--- EXERCISE AIM ---
Set the data below down again, exactly, with every picture left out.

--- SUPPLIED MATERIAL ---
'''

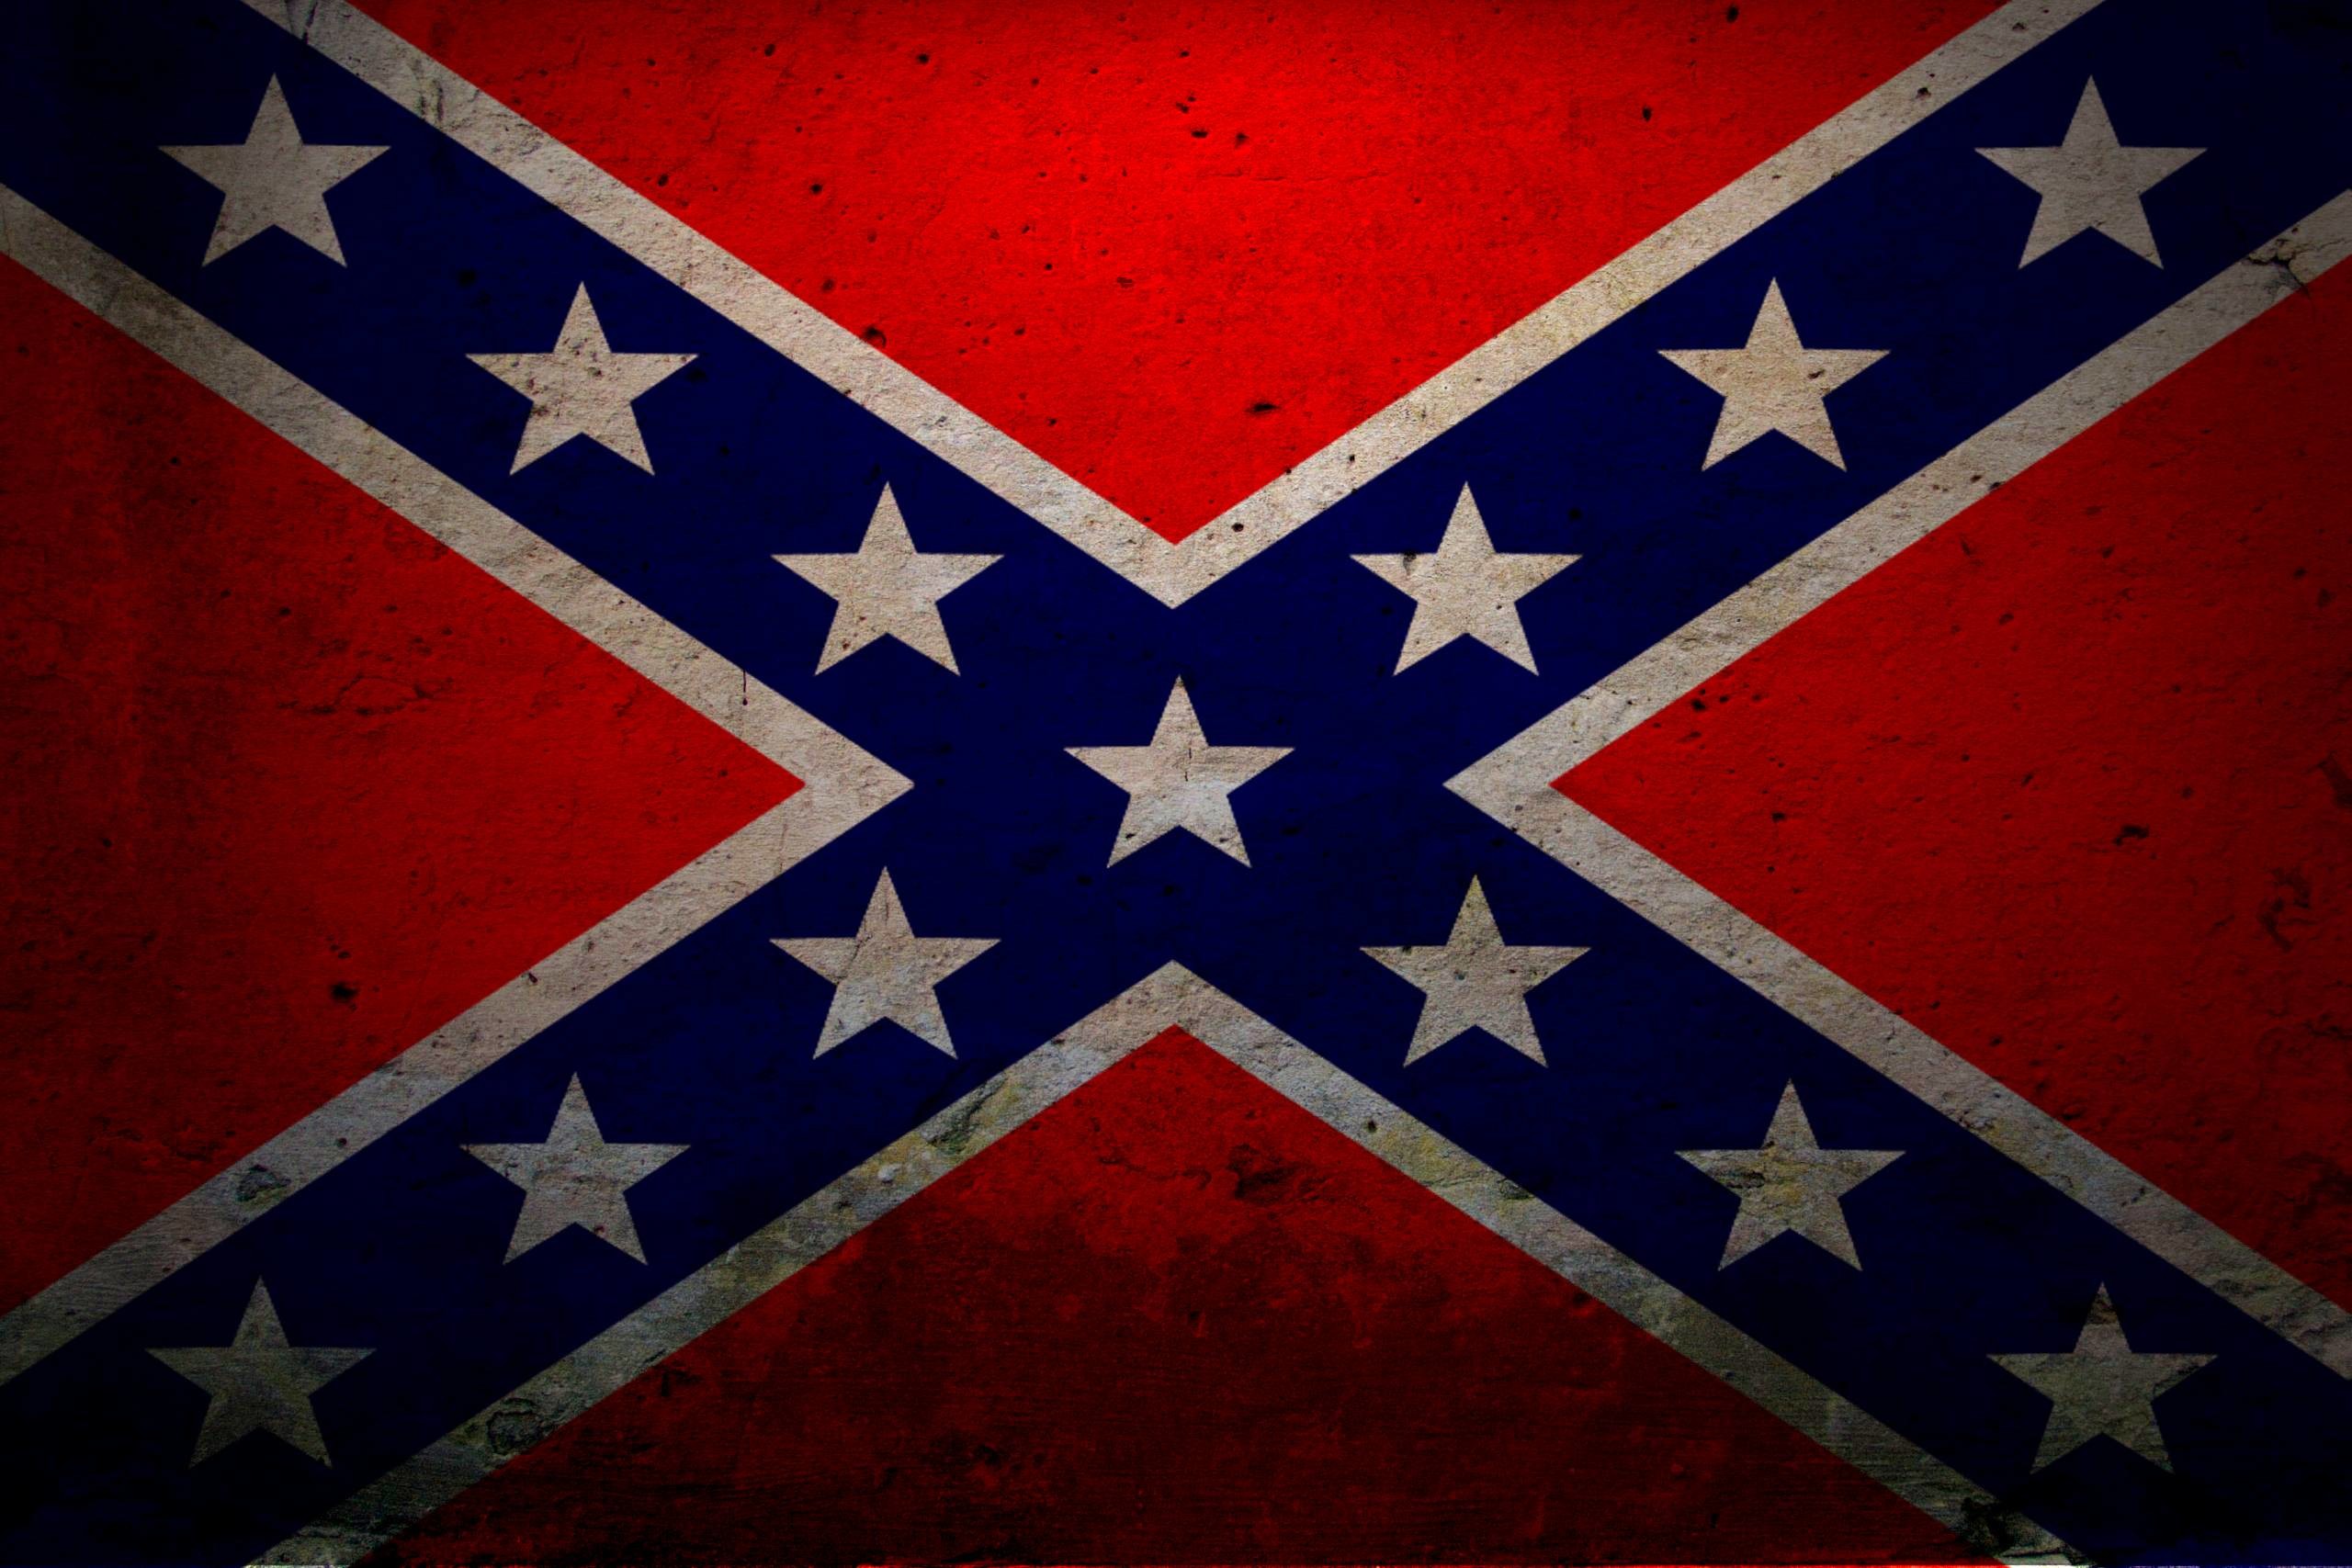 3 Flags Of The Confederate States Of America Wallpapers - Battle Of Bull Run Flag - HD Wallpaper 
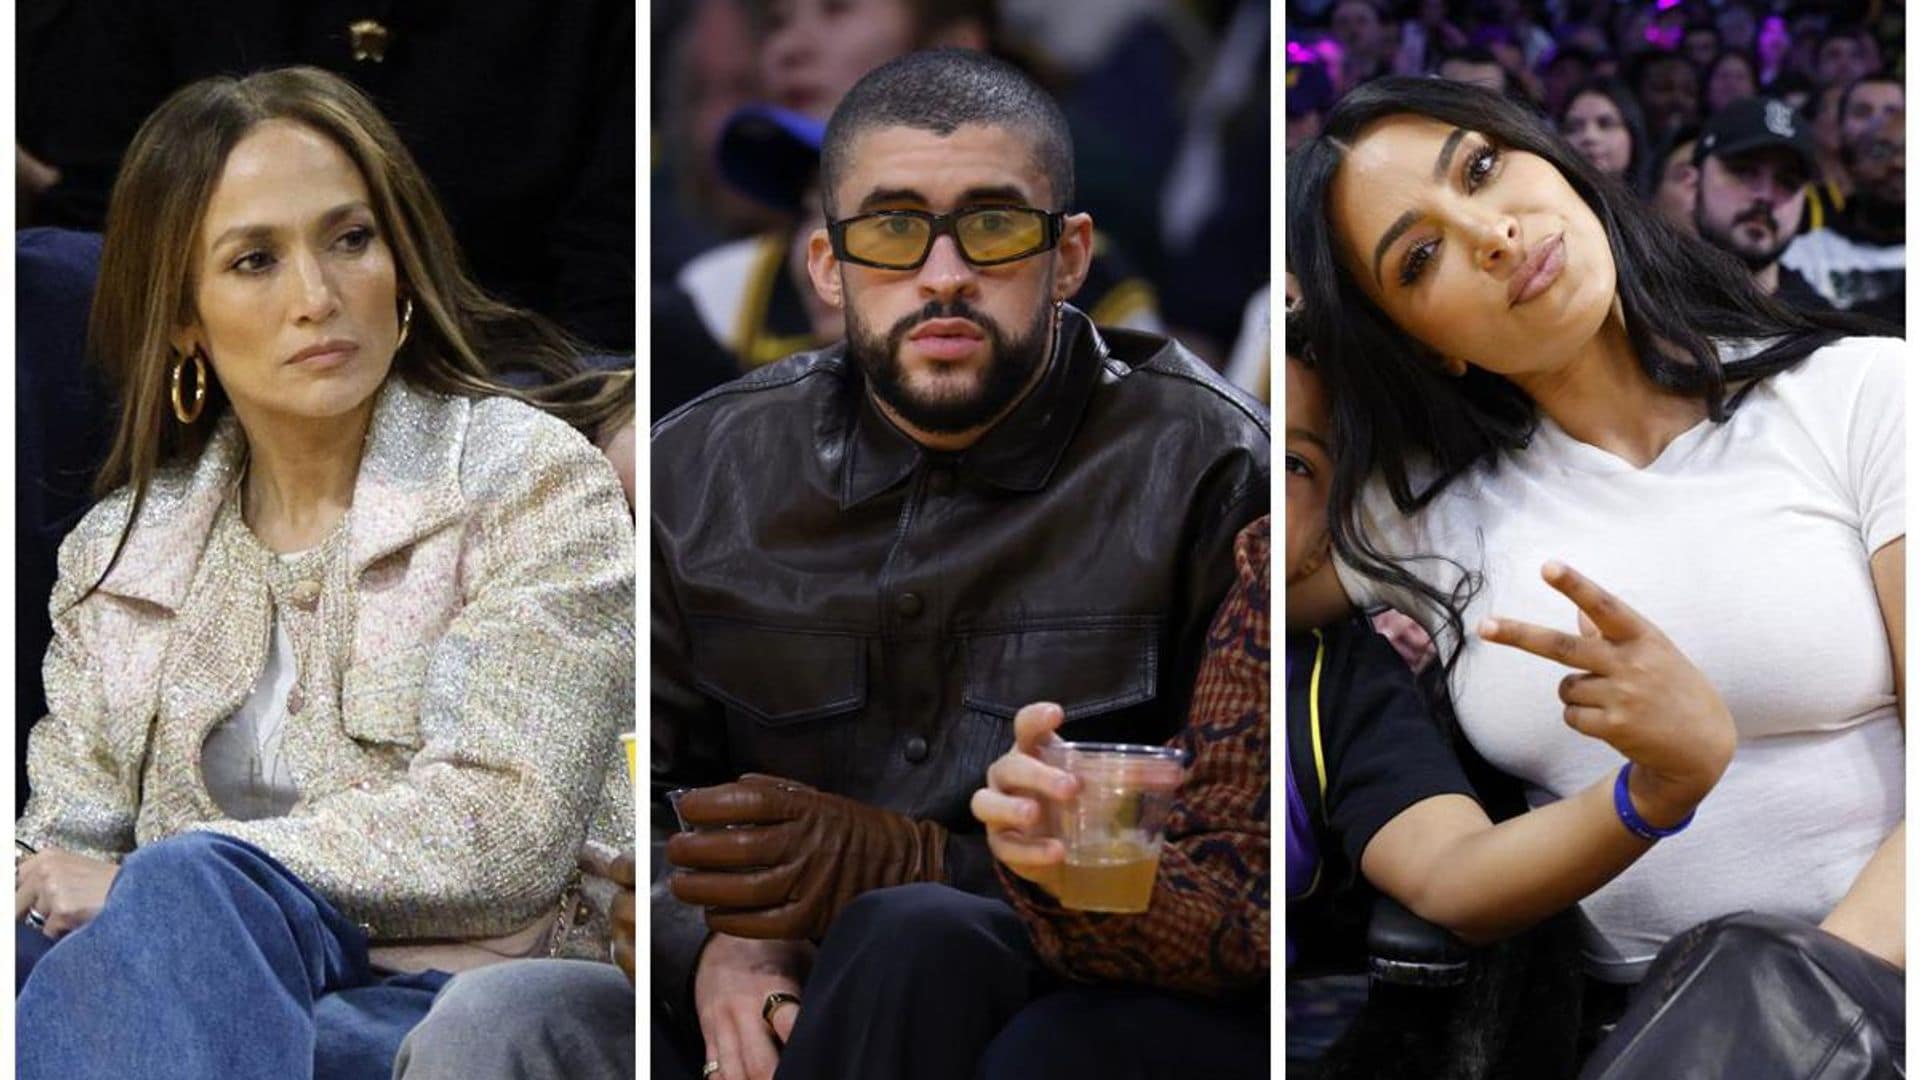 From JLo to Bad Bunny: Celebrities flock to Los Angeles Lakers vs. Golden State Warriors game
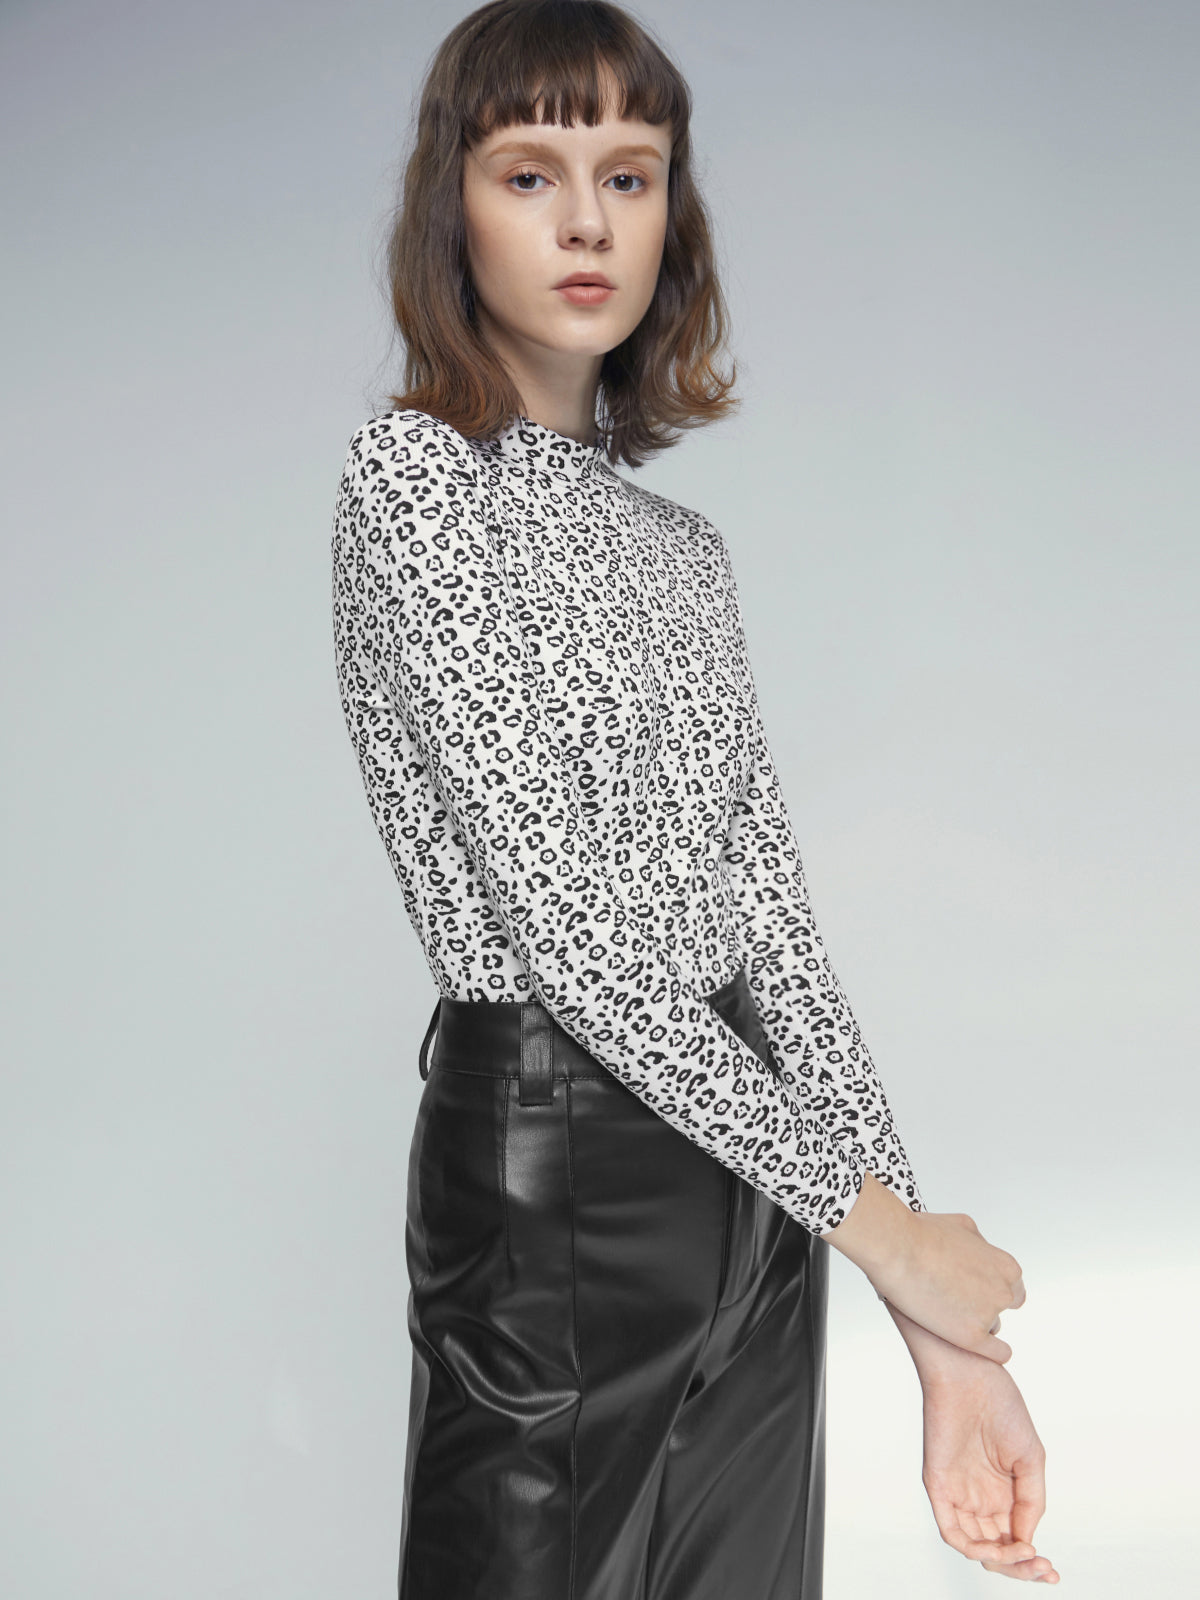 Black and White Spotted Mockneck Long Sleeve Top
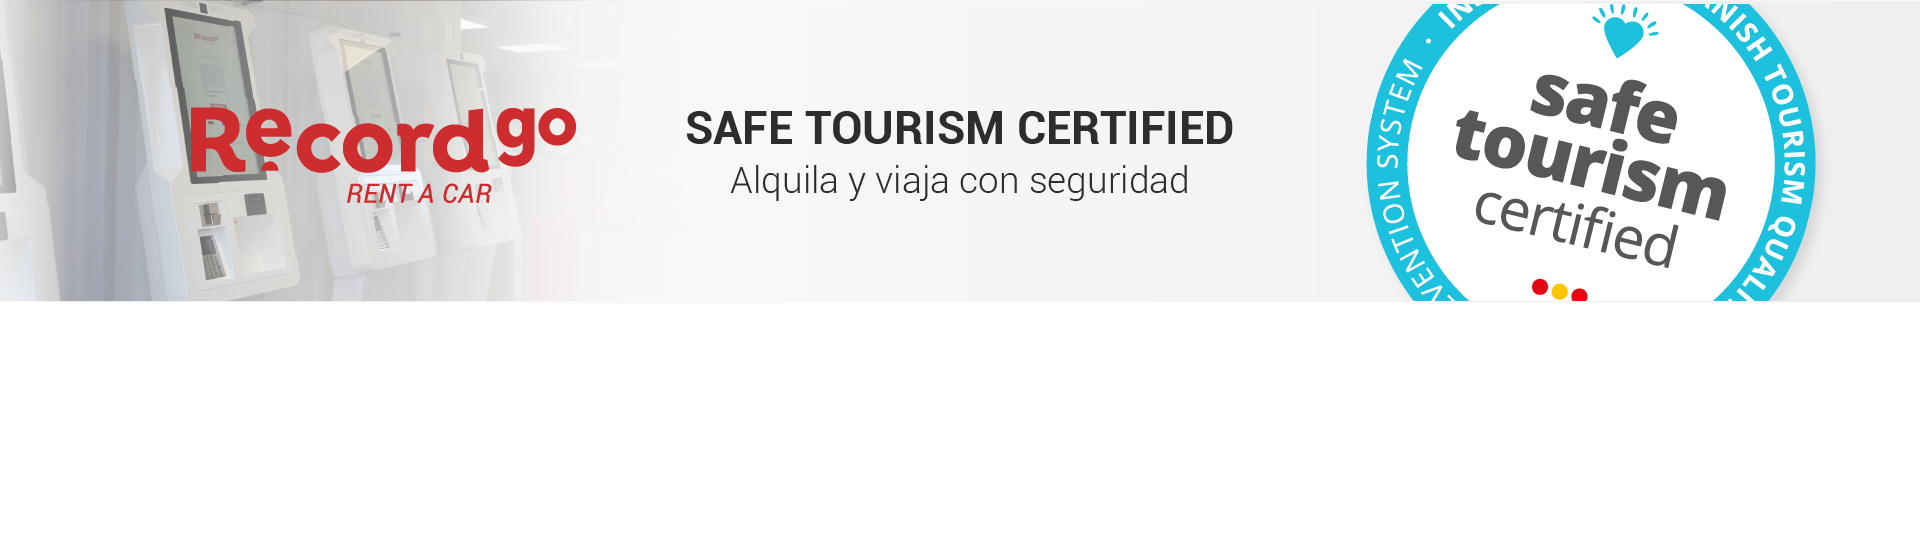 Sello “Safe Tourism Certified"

'''

--- WRITTEN SOLUTION ---
 3 Flags Of The Confederate States Of America Wallpapers - Battle Of Bull Run Flag - HD Wallpaper 
 From JLo to Bad Bunny: Celebrities flock to Los Angeles Lakers vs. Golden State Warriors game
 Black and White Spotted Mockneck Long Sleeve Top
 Sello “Safe Tourism Certified"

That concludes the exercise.